Trials and Tribble-ations Read online

Page 8


  The door panel slid open again and for a moment he thought the captain might be coming back, but when he looked up, he saw a young science officer whom he didn't know. The young man was of slender build and dark features.

  "Oh—I'm so sorry," the young man said when he saw McCoy. Educated in England. "I thought everyone was at lunch, sir."

  "We always keep at least one person on watch in all departments," McCoy said. How come this man didn't know that? "Do I know you?"

  "Um … no, sir, I don't believe so.
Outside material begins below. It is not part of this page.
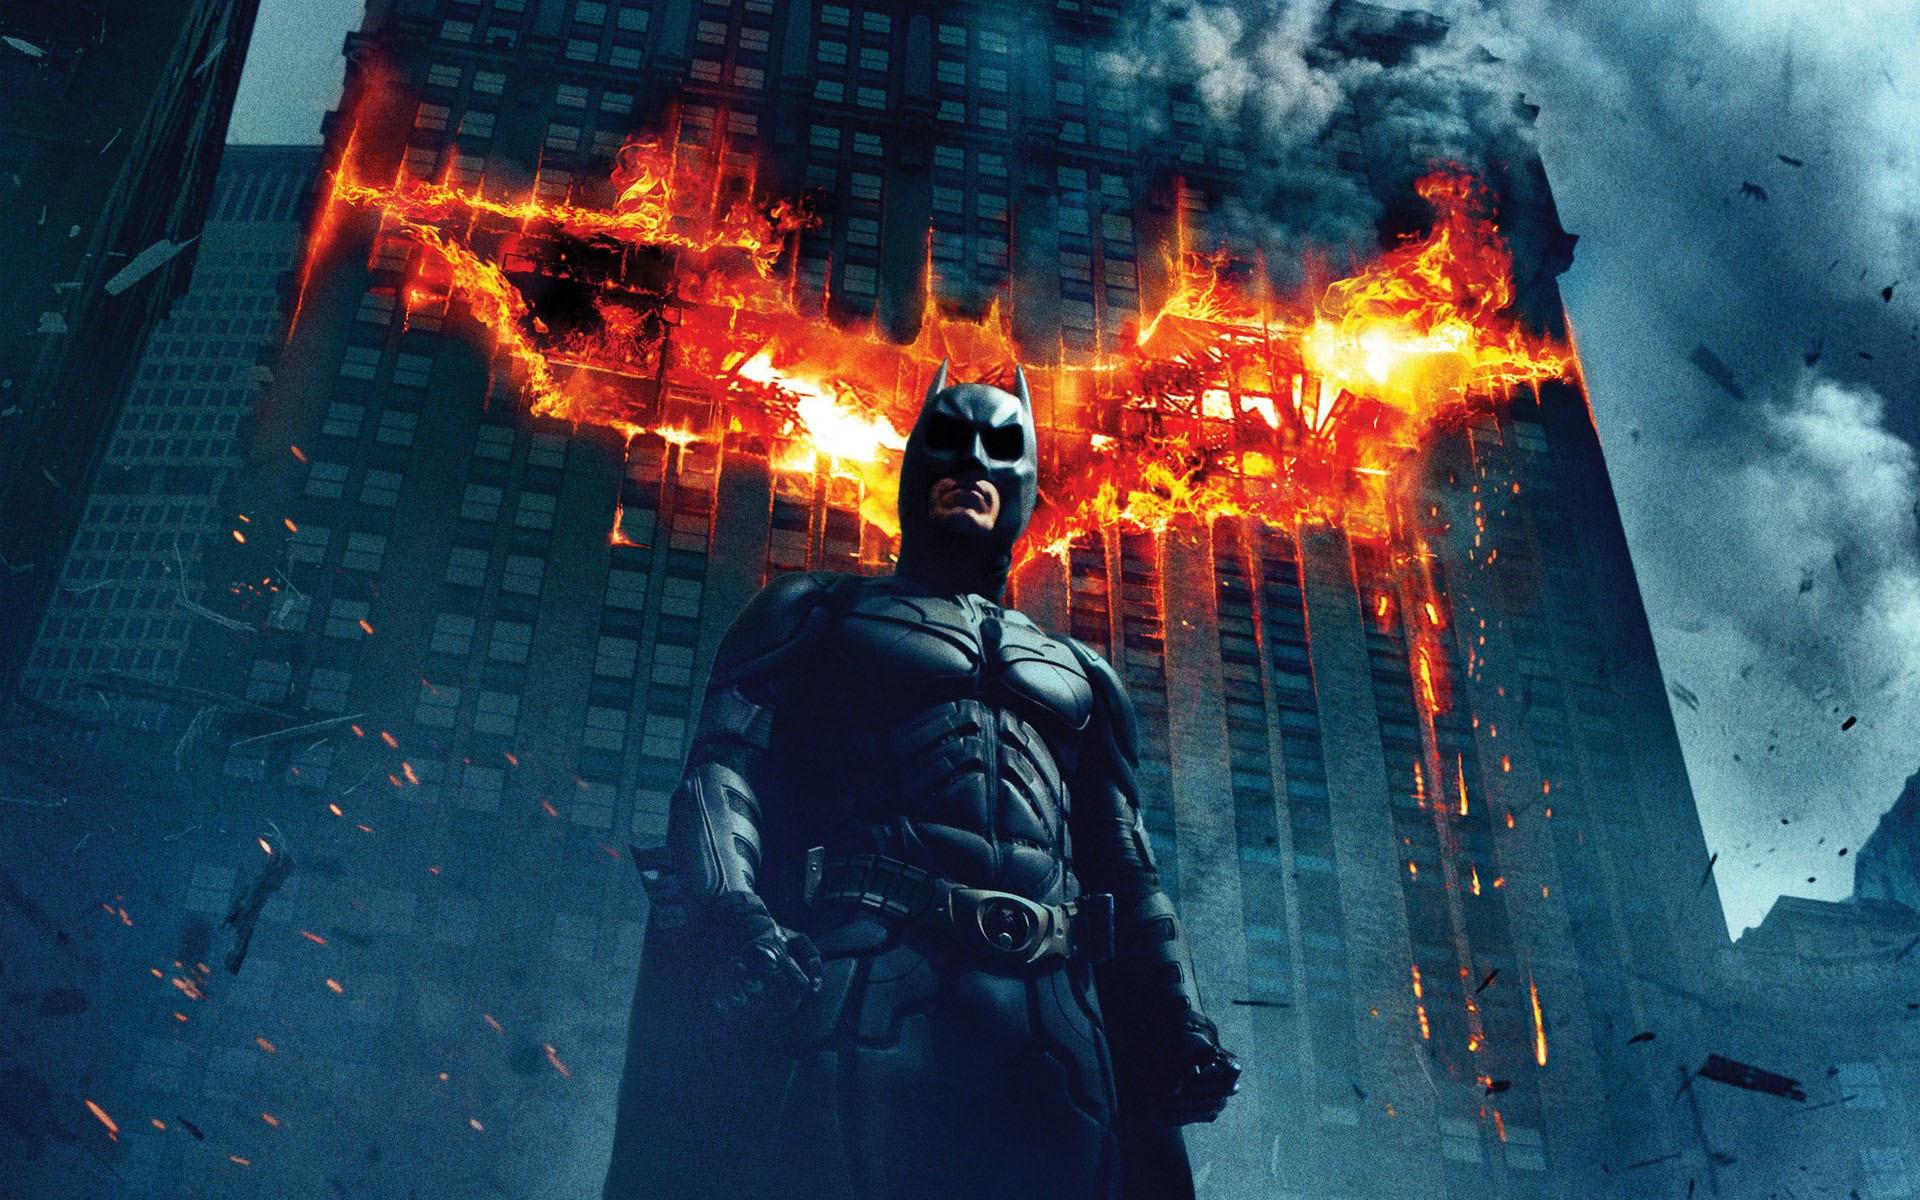 Fire Bat-Signal on a building – The Dark Knight wallpaper

I just came aboard. I'm only visiting. I should've reported to you, but with all the alerts—"

  "Visiting? From the station? You're a Starfleet officer. I didn't know there were any of us on the station."
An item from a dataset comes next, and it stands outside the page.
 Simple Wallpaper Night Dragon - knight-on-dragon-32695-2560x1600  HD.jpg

  "Uh … no, there aren't, sir. I just came on board recently, for transport to my new assignment."

  Pretty vague, but McCoy didn't care about the details. "You a doctor? Or are you sick?"

  "Pardon me," the young man said, extending his hand to McCoy. "Dr. Julian Bashir, sir. I'm doing a study on systems-wide medical sensor functions and I thought I'd have a look about the sickbay."

  "What's that study for?"

  "Oh, someone at Starfleet wants to enhance the capability of tracking individuals by biotechnics. It's for use on stations like K-Seven and for … oh, for instance, tracking down disguised spies on ships."

  McCoy harrumphed at the idea. "Sounds like something Starfleet Medical would come up with to keep people busy."

  "Very likely," Bashir said with a tolerant and perhaps nervous smile. "About the ship-wide sensors … do you think they could pick up an individual by biotechniques? Say a Vulcan or a … oh, a Klingon?"

  "Well, we'd have to do a deck-by-deck scan," McCoy told him. "Klingons aren't that hard to detect. They hate to shave, for one. They don't like our food, for another."

  "Doctor," Bashir said with a tuck of his chin, "are you teasing me?"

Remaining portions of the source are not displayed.